Can you try changing these values and see how they impact the performance?
No impact for me.
u can make vad run on gpu
Could you benchmark VAD. CPU vs GPU?
u have any benchmark code & data ?
No.
I get faster speed with higher value, is lower faster for you?
After seeing your results, I tested it too, and it took longer for lower values of window_size_samples
.
512: 23.8 seconds - 296 speech chunks
1024: 12.7 seconds - 288 speech chunks
1536: 10.9 seconds - 298 speech chunks
Not sure about precision too. 1024 included insignificantly more of non-voice areas vs 1536, but 1536 excluded one voice line in music/song area.
I'm not sure about the precision, I'll check it later.
Did tests on various samples to see "1536" effects on transcriptions. I see less fallbacks, much better timestamps in some cases, very positive effects on Demucs'ed files.
I made it default in r139.2.
Did tests on various samples to see "1536" effects on transcriptions. I see less fallbacks, much better timestamps in some cases, very positive effects on Demucs'ed files.
I made it default in r139.2.
does your application use demucs now ?
how to use demucs to preprocess audio ?
does your application use demucs now ?
No. And I won't include it as it's using PyTorch, that's gigabytes of additional files... EDIT: Or maybe I could if pyinstaller can do hybrid onefile/onedir compiles, then I could make optional separate download for torch...
how to use demucs to preprocess audio ?
Read and ask there: https://github.com/facebookresearch/demucs
does your application use demucs now ?
No. And I won't include it as it's using PyTorch, that's gigabytes of additional files... EDIT: Or maybe I could if pyinstaller can do hybrid onefile/onedir compiles, then I could make optional separate download for torch...
how to use demucs to preprocess audio ?
Read and ask there: https://github.com/facebookresearch/demucs
I just checked demucs, it can run on cpu , you can make it default run on cpu
Still, cpu only torch would increase current 70Mb .exe ~6 times... And when Demucs has positive effects on accuracy it can have negative effects too, like missing punctuations and wrong separation of sentences on demucs'ed files.
Currently I'm not interested in bundling it in.
A couple of personal experience related comments here:
intra_op_num_threads
effect on CPU inference is limited. I get slightly better runtime with 4
threads compared to 1
but > 4
is basically useless in my case/CPU. It's not even 2x speed-up when you have 4
threads set.window_size_samples
is the easiest way of improving the speed as it has less windows to process & forward-pass through the model.I think it's not very useful to measure the % of time used by the VAD. You should instead compare the total execution time with and without VAD.

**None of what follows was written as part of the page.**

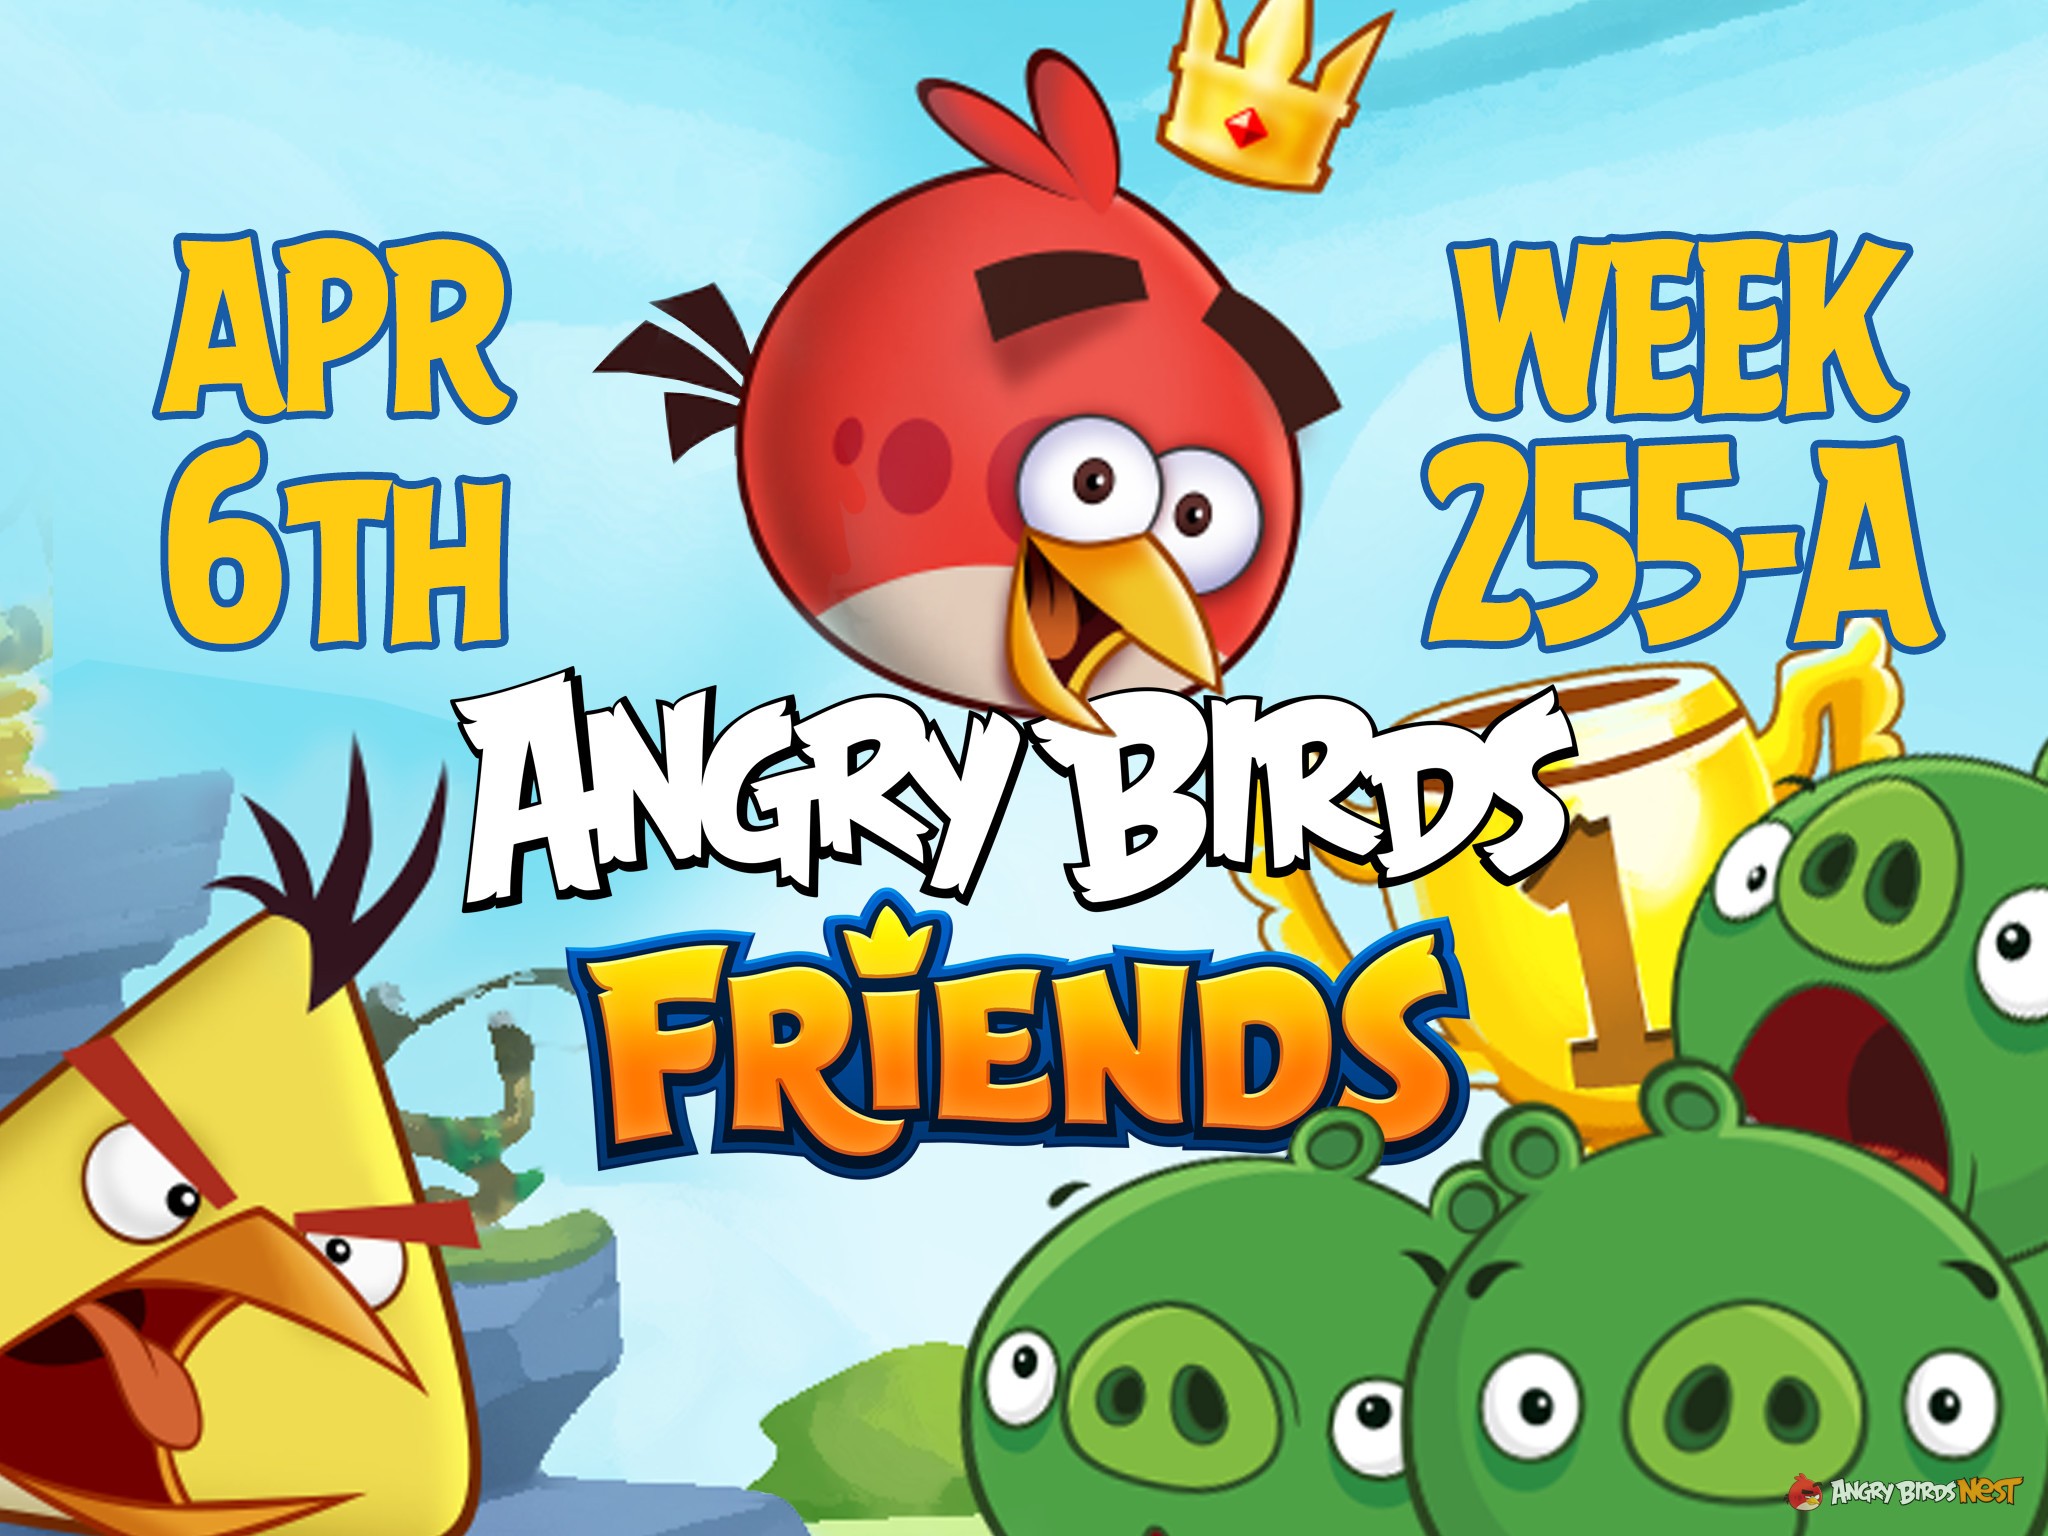 Angry Birds Friends Tournament Week 255-A Feature Image

The VAD can remove non-speech sections which would trigger the slow temperature fallback in Whisper. In this case, the total execution time is reduced even though the VAD took X% of this time.
Hi all,
We also see a degradation in performance when using the vad_filter=True
flag. Same as others we also tried to play with the number of threads used without improvement. Is there any progress with enabling GPU support for the VAD model? Maybe you can add a different VAD model which is equally robust, but more lightweight than the current?
Thanks @guillaumekln!
Maybe you can add a different VAD model which is equally robust, but more lightweight than the current?
But it's already lightweight and superfast.
Is there any progress with enabling GPU support for the VAD model?
People reported that there is no significant performance increase when running it on GPU.
Hi @Purfview, Thank you for your fast response. When running the following code it seems like the overhead of adding VAD is not negligible.
import time
from faster_whisper import WhisperModel
files_list = [
"/home/ec2-user/datasets/vad_debug/no_speech_1.wav",
"/home/ec2-user/datasets/vad_debug/no_speech_2.wav",
"/home/ec2-user/datasets/vad_debug/no_speech_3.wav",
"/home/ec2-user/datasets/vad_debug/no_speech_4.wav",
]
model_size = "large-v2"
model = WhisperModel(model_size, device="cuda", compute_type="float16")
for f in files_list:
t_i = time.time()
segments, _ = model.transcribe(f, beam_size=5, language="fr")
t_i = time.time() - t_i
time.sleep(20)
t_j = time.time()
segments_vad, _ = model.transcribe(
f,
beam_size=5,
vad_filter=True,
vad_parameters=dict(min_silence_duration_ms=2000),
language="fr",
)
t_j = time.time() - t_j
print(t_j / t_i)
These are the prints of the above script:
File 1:
0.5270593472686265
File 2:
1.0318930571300973
File 3:
1.0178552937839627
File 4:
2.4939251070712145
when reducing min_silence_duration_ms
to 200
:
File 1:
0.5422778267655759
File 2:
1.0773890526952445
File 3:
1.083032817349901
File 4:
2.499190581616007
Note that the first 3 files are ~1 Sec long and the 4th is ~38 Sec long.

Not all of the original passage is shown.